One Wednesday night our group gathered in the back of the church to sit on second-hand couches, talk about Jesus, and consume salty and sugary snacks. I had my lesson and video ready to present, but I feared the night would be filled with awkward silence and distracted conversation.
One of the popular girls in our group showed up with a new guy that seemed older and more sophisticated than most of our group. This guy strolled into the room with a confidence that reflected off his black leather jacket blinding us all. I remember thinking, “If I really knock it out of the park tonight he’ll come back and our group will really start growing.”
I began the lesson and started navigating through the starts and stops of adolescent discussion. But at one point I noticed that the new guy and a few others were losing focus. I turned my attention to what was distracting them and noticed 13-year-old Pete, face down on a lazy boy recliner.

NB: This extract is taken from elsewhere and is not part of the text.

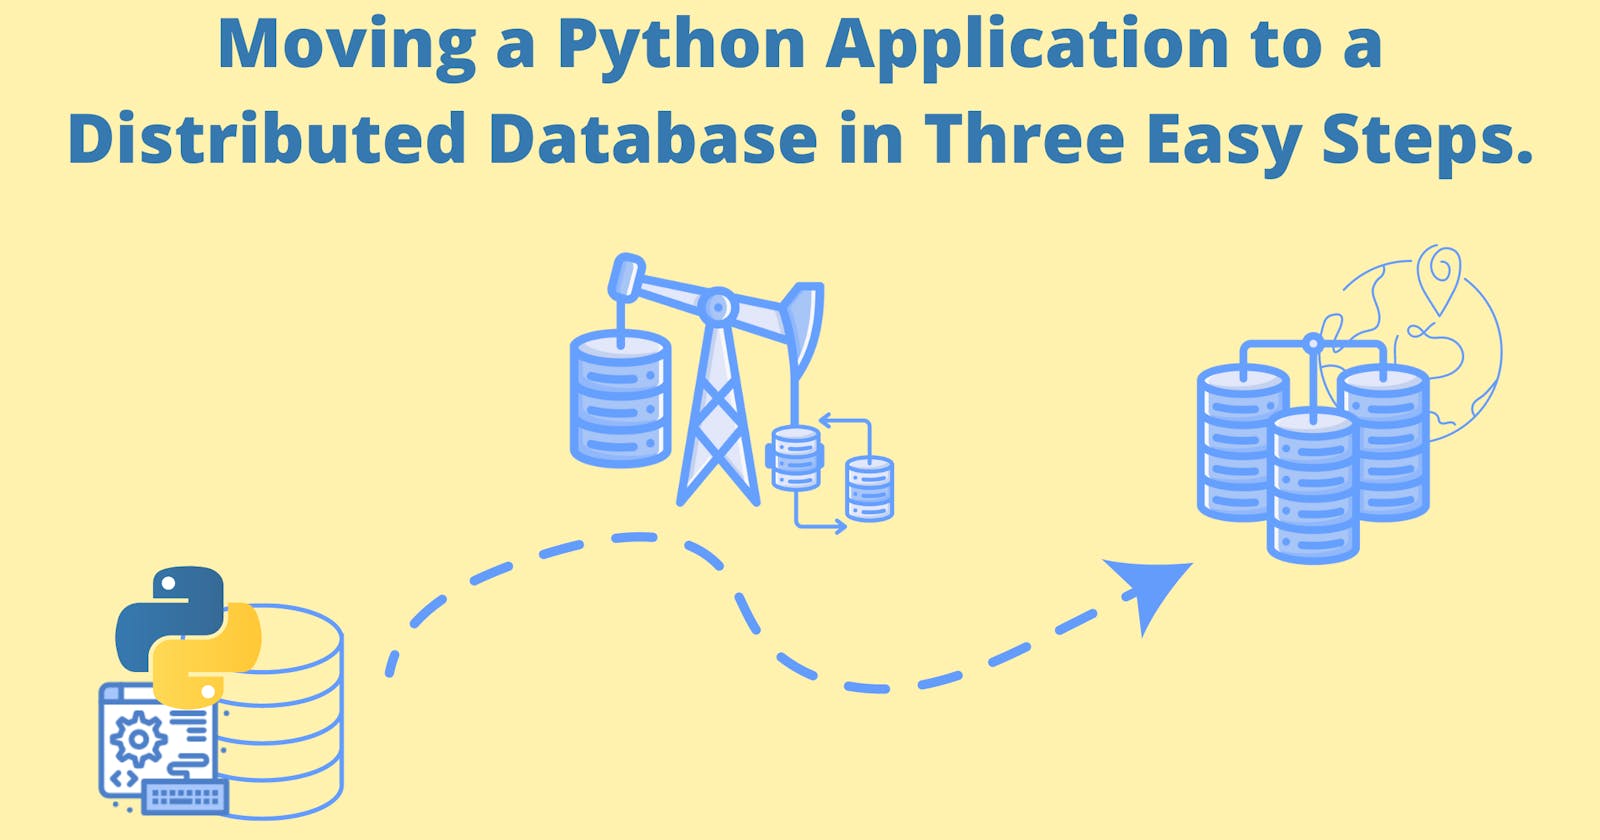 Moving a Python Application to a Distributed Database in Three Easy Steps.

He had his feet spun up to the head rest so that his head was stretched out over the edge of the foot rest. It was a balancing act that forced him to adjust in the chair to hold position. All this gyrating and negotiation with the chair was worth it because on the floor directly below the foot rest was a huge bowl of Munchie Mix which he was shoveling into his face as if he was fattening up to go into hibernation.

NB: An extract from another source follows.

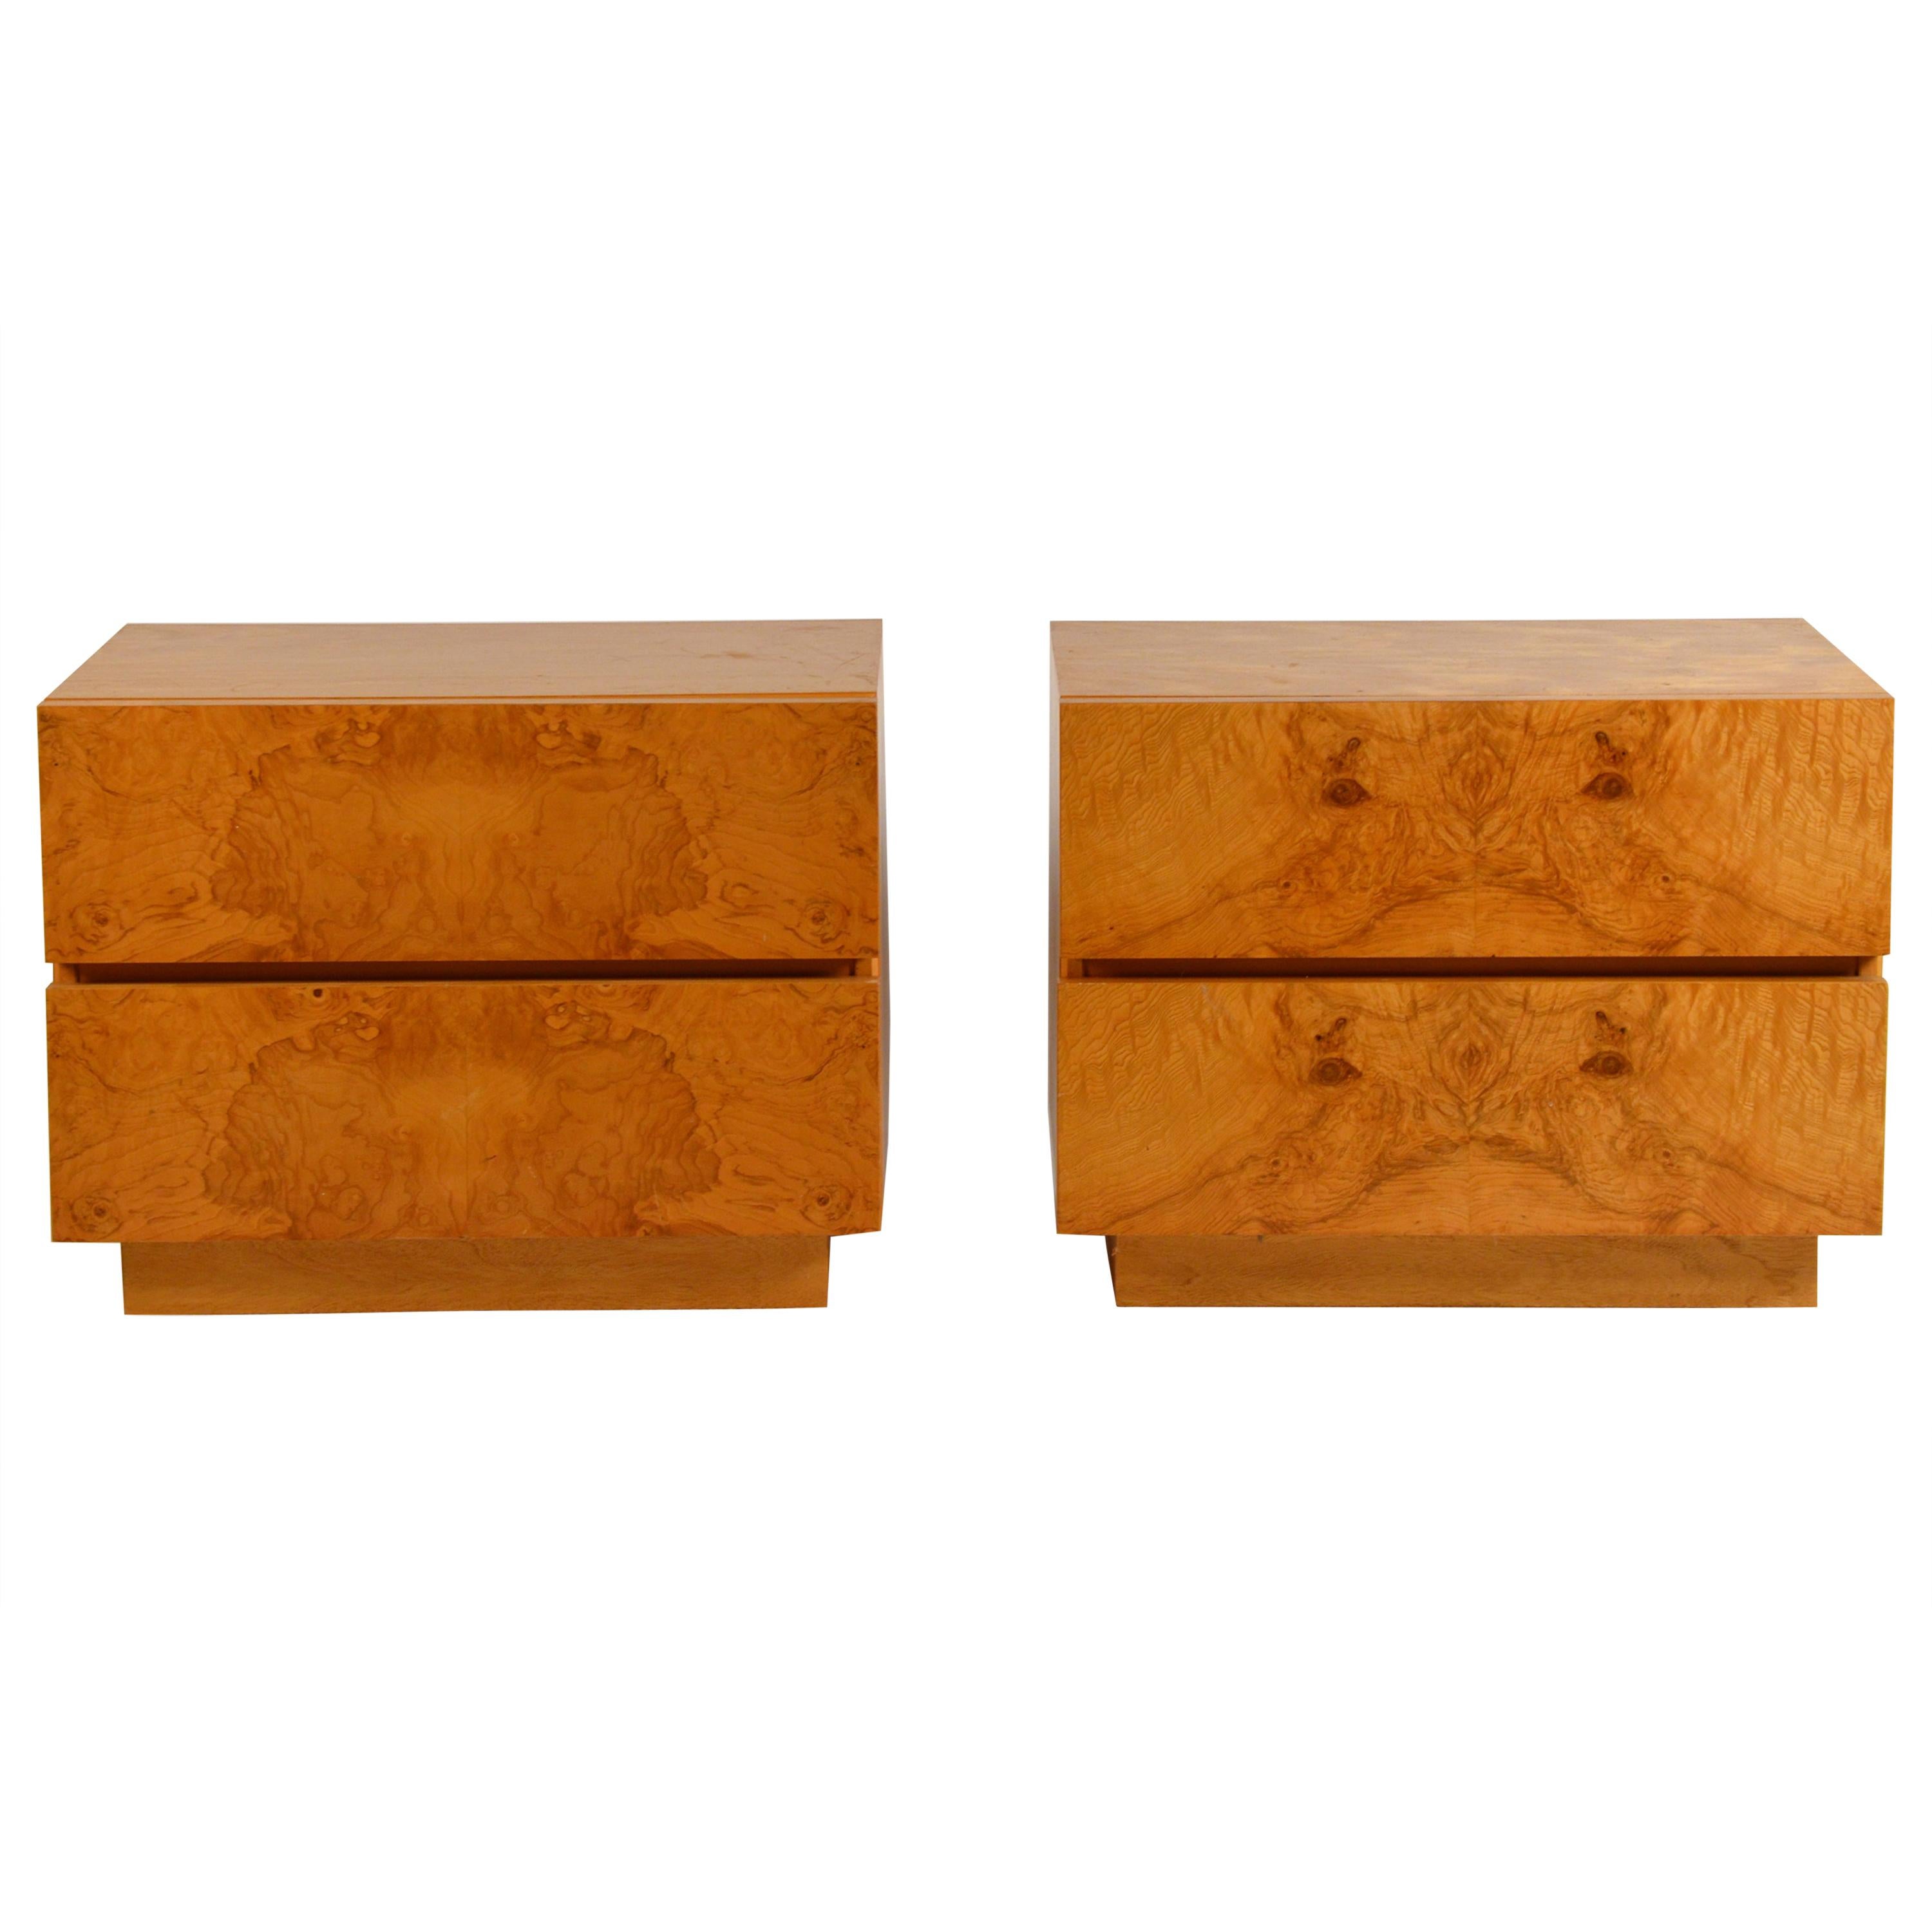 Pair of Minimalist 'Amboine' Burl Wood Nightstands by Design Frères For Sale

I looked back at the group and everyone started laughing. I realized that the lesson was over, the cool guy wasn’t coming back, and this had little to do with the discipleship making that Jesus had called me to. I was frustrated with students failing to take Jesus more seriously. But I also knew that I needed to change how I was discipling them in order for them to take it seriously.
After that night, I still led some studies but I knew we had to get out of the church in order for any significant discipleship to happen. Here are some of the lessons I learned along the way:
Look For The Committed
There are always students who have a greater desire to learn about their faith and put it into practice. Identify these students by asking them to commit to something more than just attending every week. Create a leadership group or outreach team who will also commit to praying for your group, reach out to their friends, and serve in the community.

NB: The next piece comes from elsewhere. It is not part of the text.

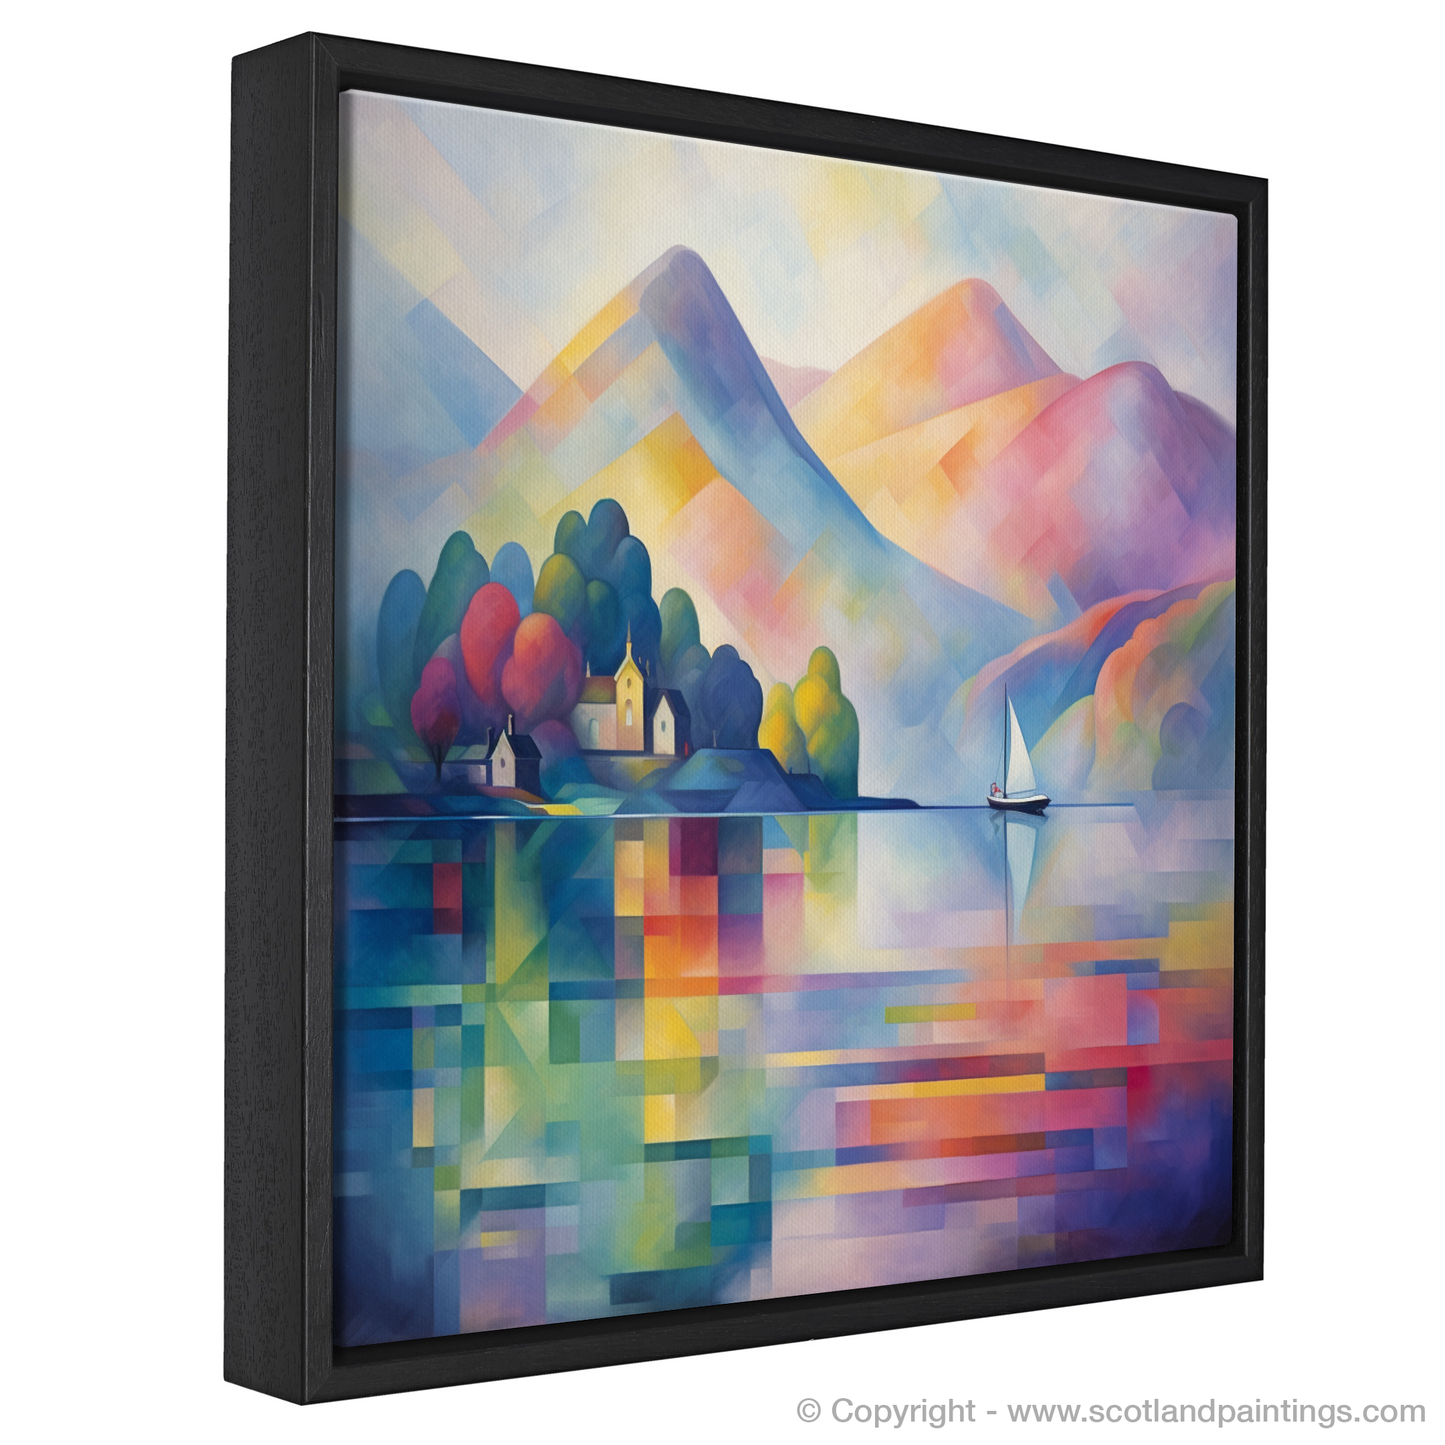 Painting and Art Print of Misty morning on Loch Lomond entitled "Misty Morning Abstraction on Loch Lomond".

Find Meaningful Challenges
Sometimes discipleship means doing the dirty work just because it needs to get done. But sometimes we are throwing jobs at our youth just because we couldn’t find a meaningful project to sink their teeth into. Youth will learn more about themselves and how God works through them when we match their talents with a corresponding challenge. Look for a significant need in your community and ask your youth how God is leading them to respond.
It’s Not The Destination
Learning to be a follower of Jesus is about following his lead. That kind of learning isn’t meant to be in the back room of the church with salty snacks. Getting your students out of the Church means exposing them to real life experiences that help them see, feel, touch, and smell what it means to be a disciple. We are all tempted to play it safe inside the walls of the church, but Jesus taught his disciples as they were walking, eating, fishing, and fighting because the real world is the richest classroom. It didn’t matter where they were going because the lesson was how to follow not how to arrive.
Have Grace For The Ones Who Don’t Get It
I think the most challenging passages in the gospels are the accounts of Peter and the disciples denying Christ and running away for fear of their lives. The group that Jesus invested 3 years of his life into turned their backs on him during his most trying hours. If the men and women that Jesus discipled lacked that much faith how can we get all hot and bothered about 13-year-olds who are bored of the same old video lesson in the youth room? We need the grace of Christ, especially when kids don’t understand Jesus or why we love him. Grace that was extended to insider and outsider. Grace that was extended to righteous and pagan. Grace that called lowly Galilean fishermen to be his disciples. Grace that forgave those that killed him because they didn’t know what they were doing. We need his grace to follow. We have to extend grace to our youth so that they can follow too.
These discipleship essentials helped get me and my teens out of the youth room and into the world where we could learn to follow Jesus.